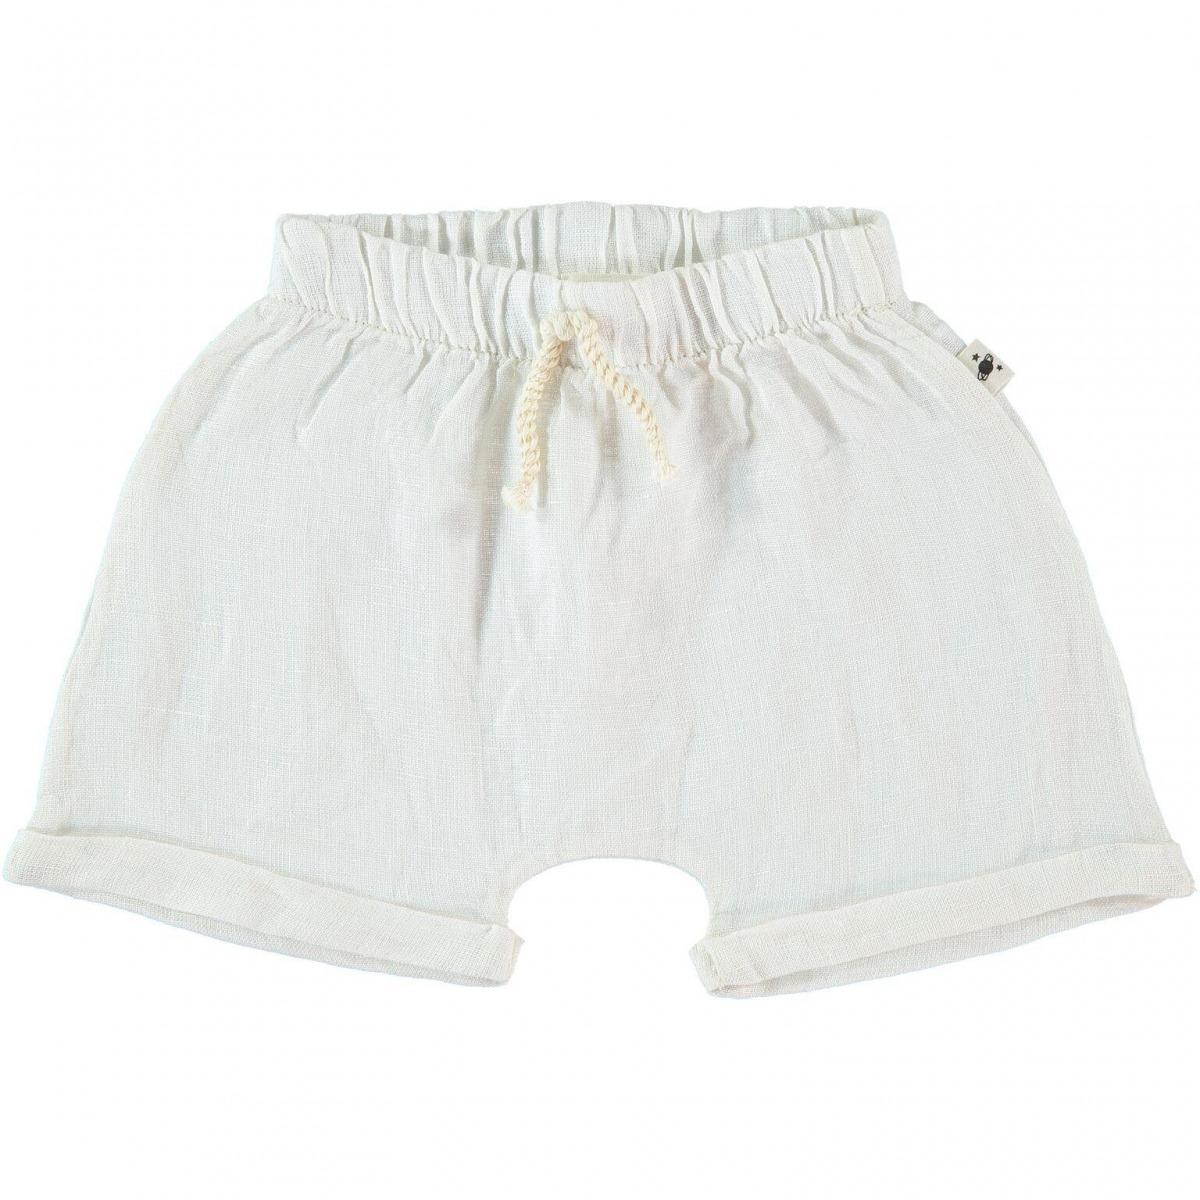 6cf15a6864 Short lino Sitges blanco roto de My Little Cozmo. Moda bebé.
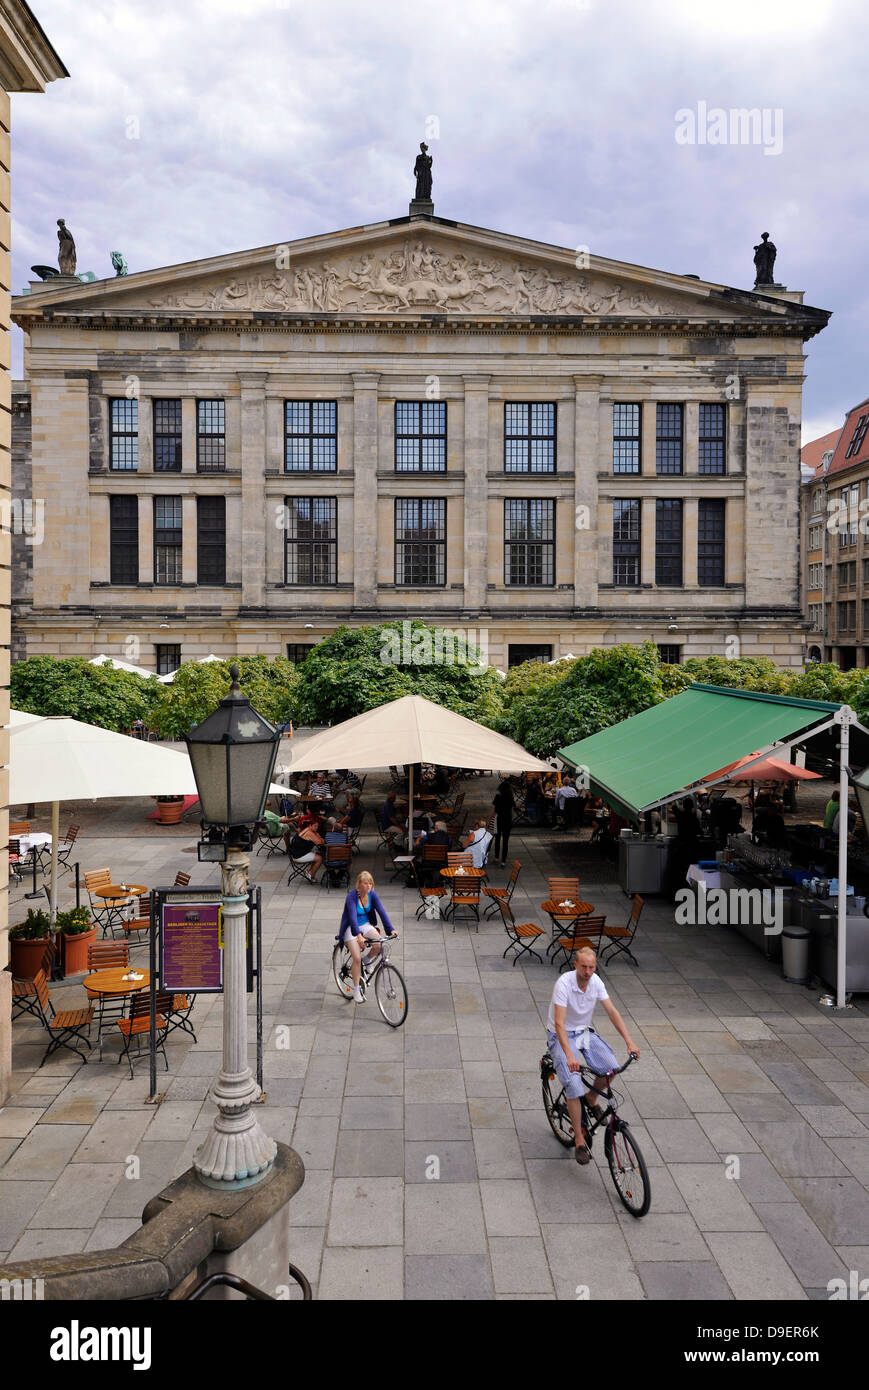 Concert hall, Schinkelbau, Caf ? ?, Touristen, gendarme's market, district middle, Berlin, Germany, Europe - Stock Image
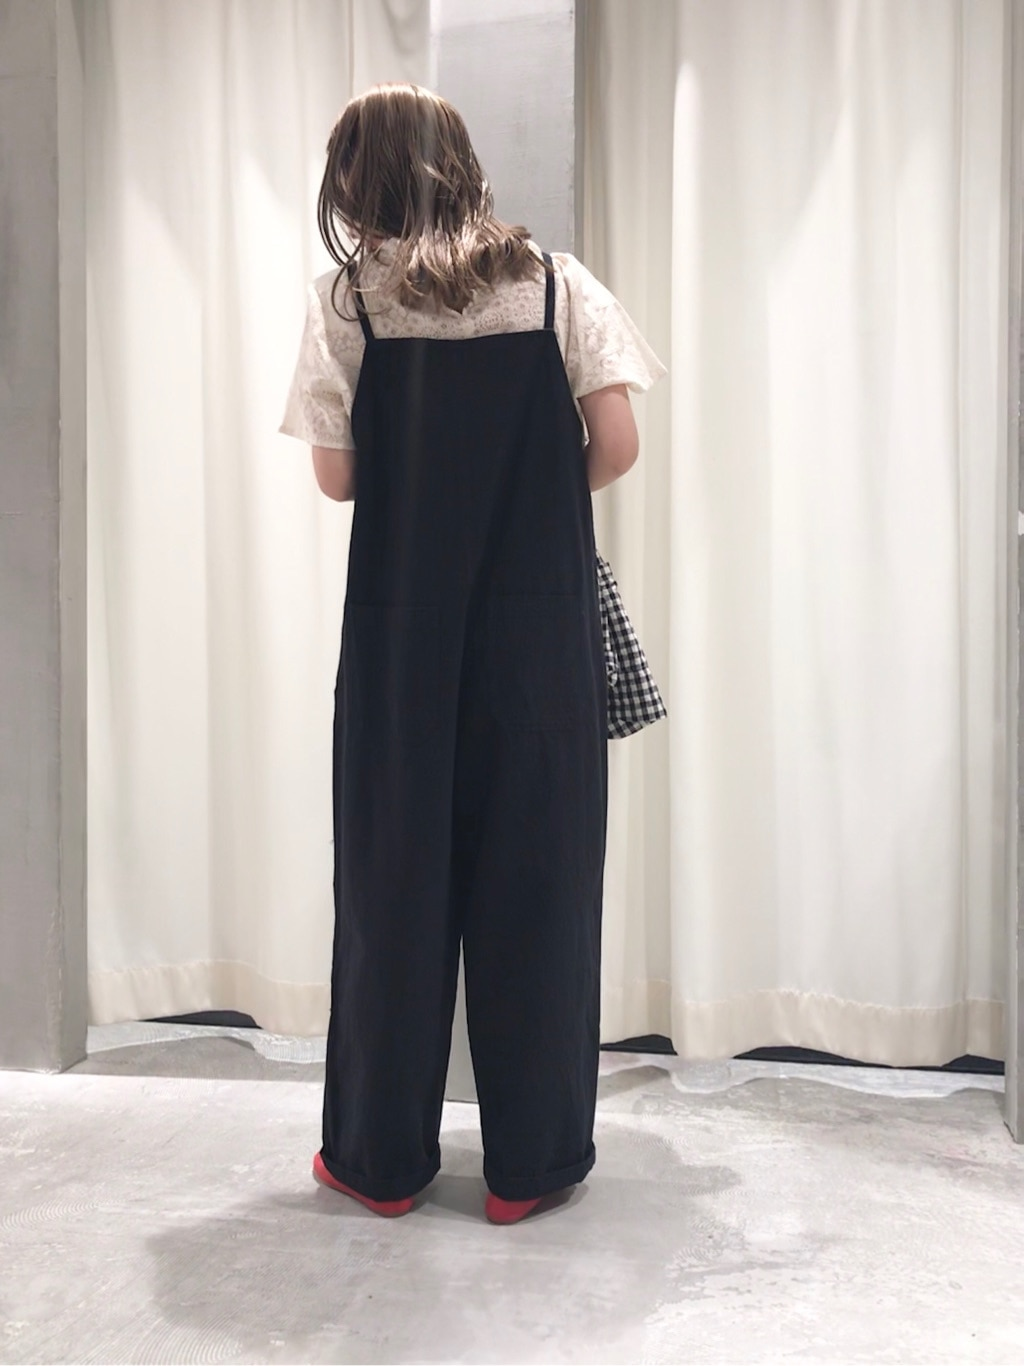 AMB SHOP CHILD WOMAN CHILD WOMAN , PAR ICI ルミネ横浜 身長:155cm 2020.03.25

════════

### REQUIRED WORK
No pictures should appear in the copy; write out exactly the lines from the one containing "Concert hall, Schinkelbau, Caf" through the end of the material.

### PROBLEM SOLUTION
 Concert hall, Schinkelbau, Caf ? ?, Touristen, gendarme's market, district middle, Berlin, Germany, Europe - Stock Image
 AMB SHOP CHILD WOMAN CHILD WOMAN , PAR ICI ルミネ横浜 身長:155cm 2020.03.25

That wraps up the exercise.